Are universities less healthy than they used to be?

This post was originally published to Huffington Post.

A journalist called me during a morning meeting recently to ask if I thought university was “unhealthy”. The question caught me off guard. It is not one those of us working in higher education tend to ask.

The existence of universities is such a given, and their place in society so highly valued, that to ask if they are ‘unhealthy’ can seem almost blasphemous. And anyhow, universities are just places of study, how can we generalise about whether they are healthy or not?

My initial response to the question was to point out that each institution is different, with differing support provisions and varied programs of study, so we can’t make sweeping claims. But the words coming out of my mouth left me uneasy.
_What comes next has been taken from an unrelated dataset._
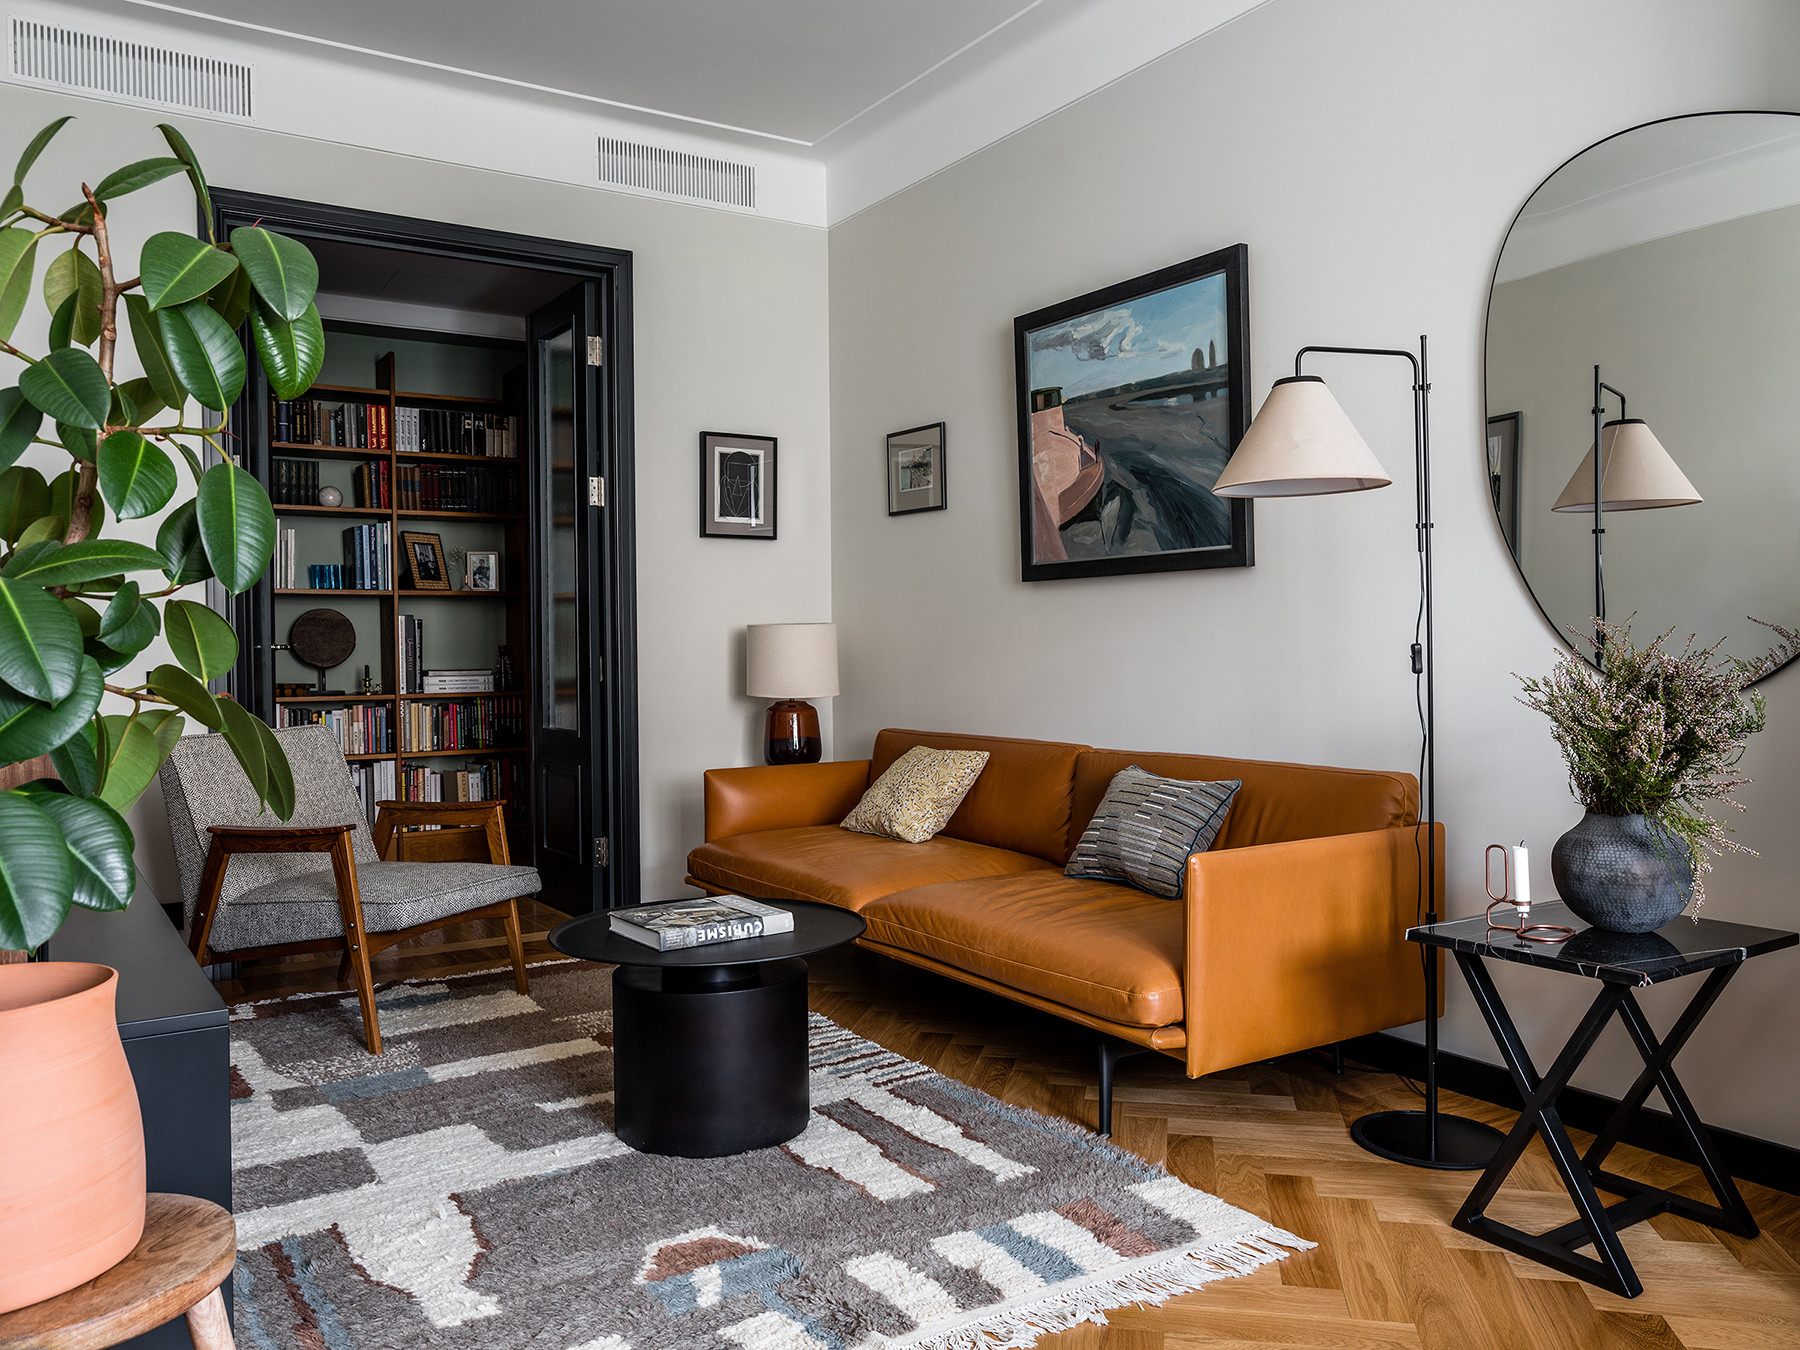 Турецкий стиль в интерьере квартиры - 70 фото

While I suggested that we can’t generalise the university experience, I realised that this is precisely what higher education lobbyists do.

Ministers and lobbyists speak of the value of a university education and of the higher salary one can expect. In doing so, they use what statisticians call an ecological fallacy– where the average in a group is used to wrongly infer the likelihood of something occurring for an individual. Lobbyists rarely make reference to individual differences – between institutions, between programs, between what’s right for particular people. Perhaps, then, we are reasonable in employing the same sort of sweeping judgments when considering the healthiness of a university education.
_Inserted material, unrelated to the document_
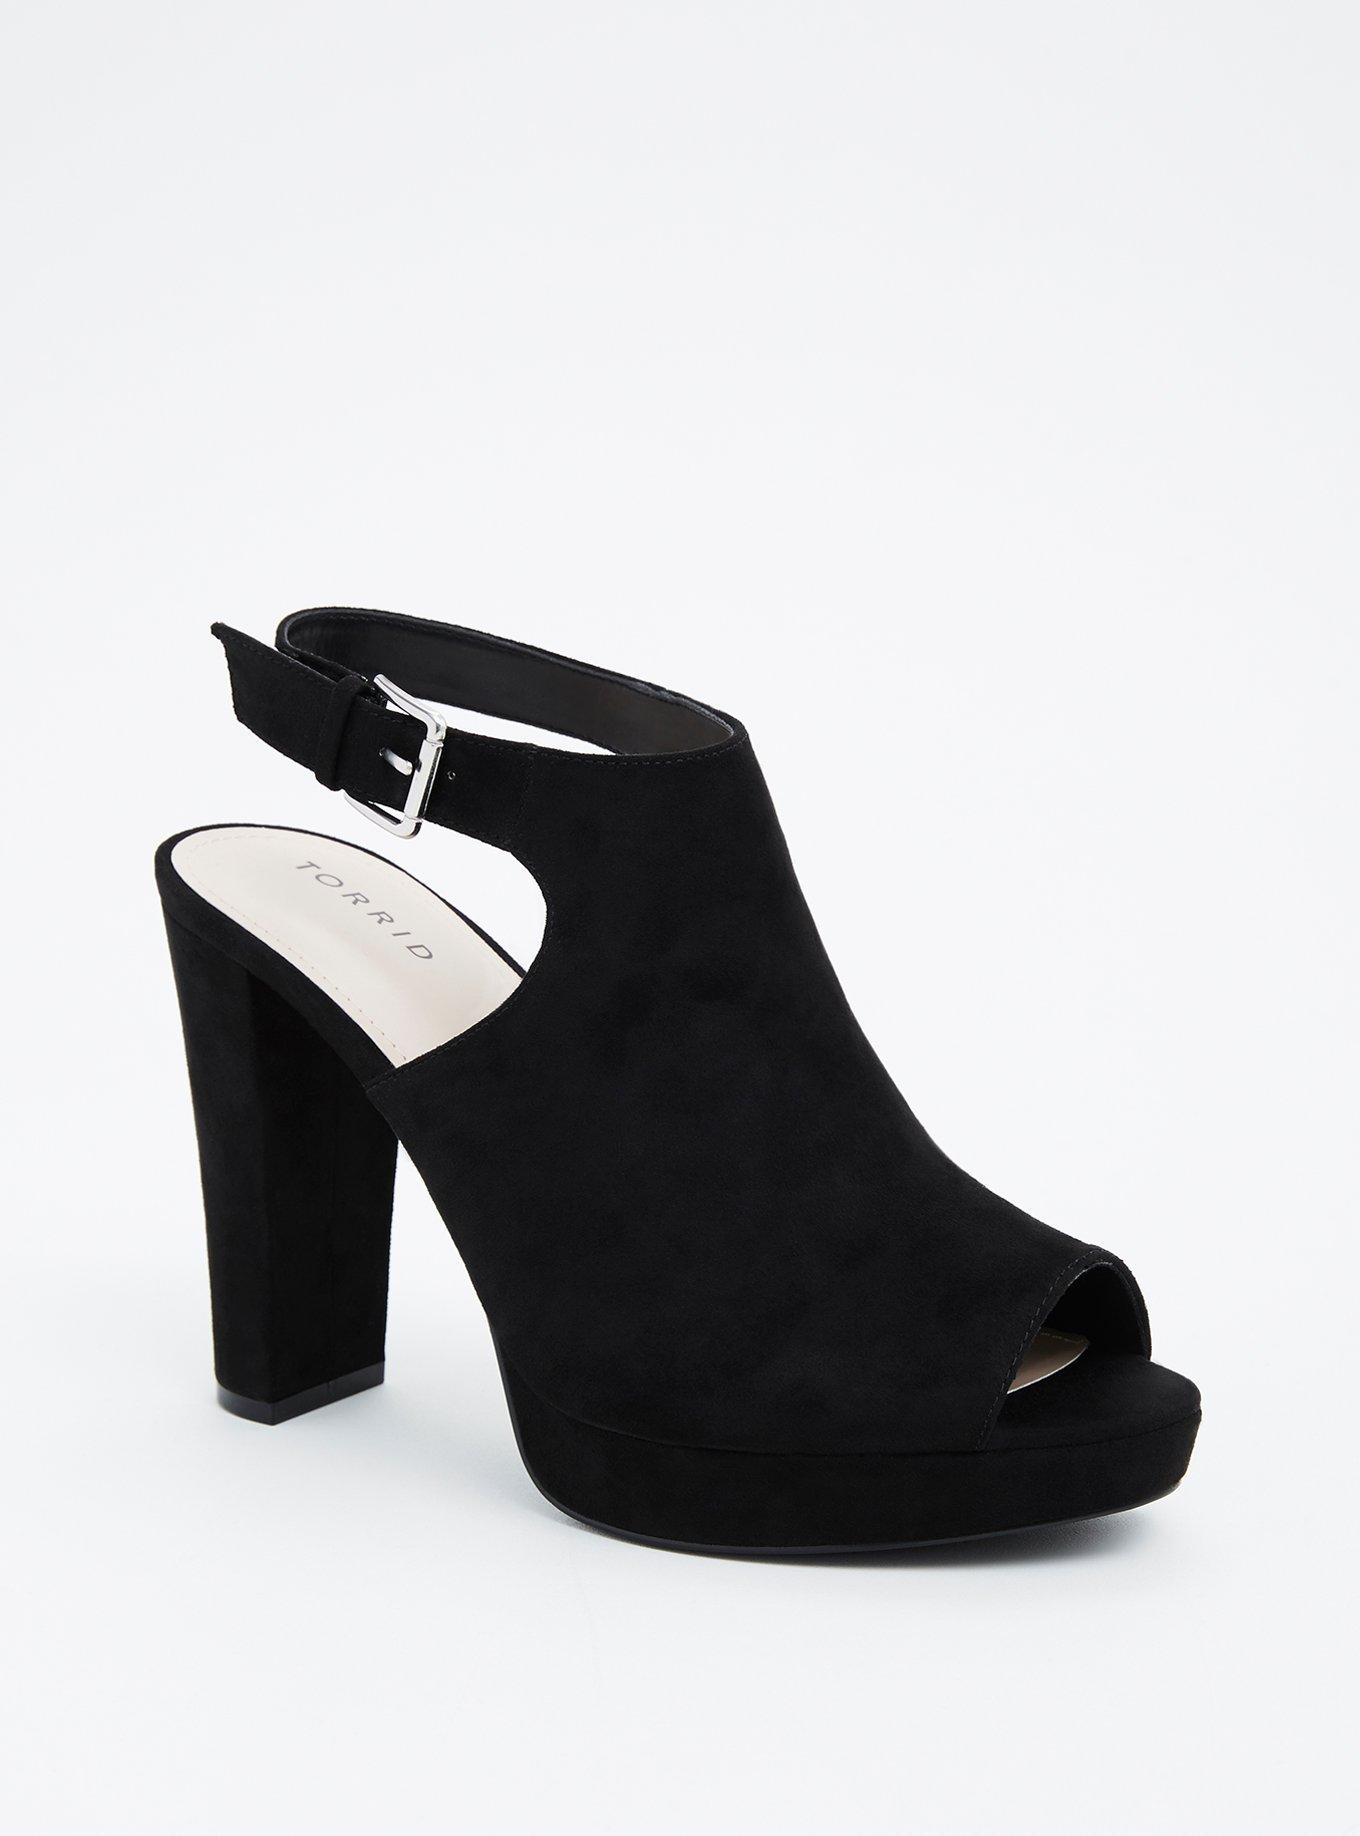 Plus Size - Black Peep Toe Heel (Wide Width) - Torrid

To answer a question like that on numerical data alone is problematic. We are relying on case-control studies, pitting those that went to university against those that did not. Such studies are inherently flawed measures of causality because healthy, wealthy parents are likely to send their healthy, well-supported children to university. Just as those attending university tend to have a head-start in terms of wealth over their non-graduating peers, so too do they in regards to health. Quite simply, there is no suitable control group.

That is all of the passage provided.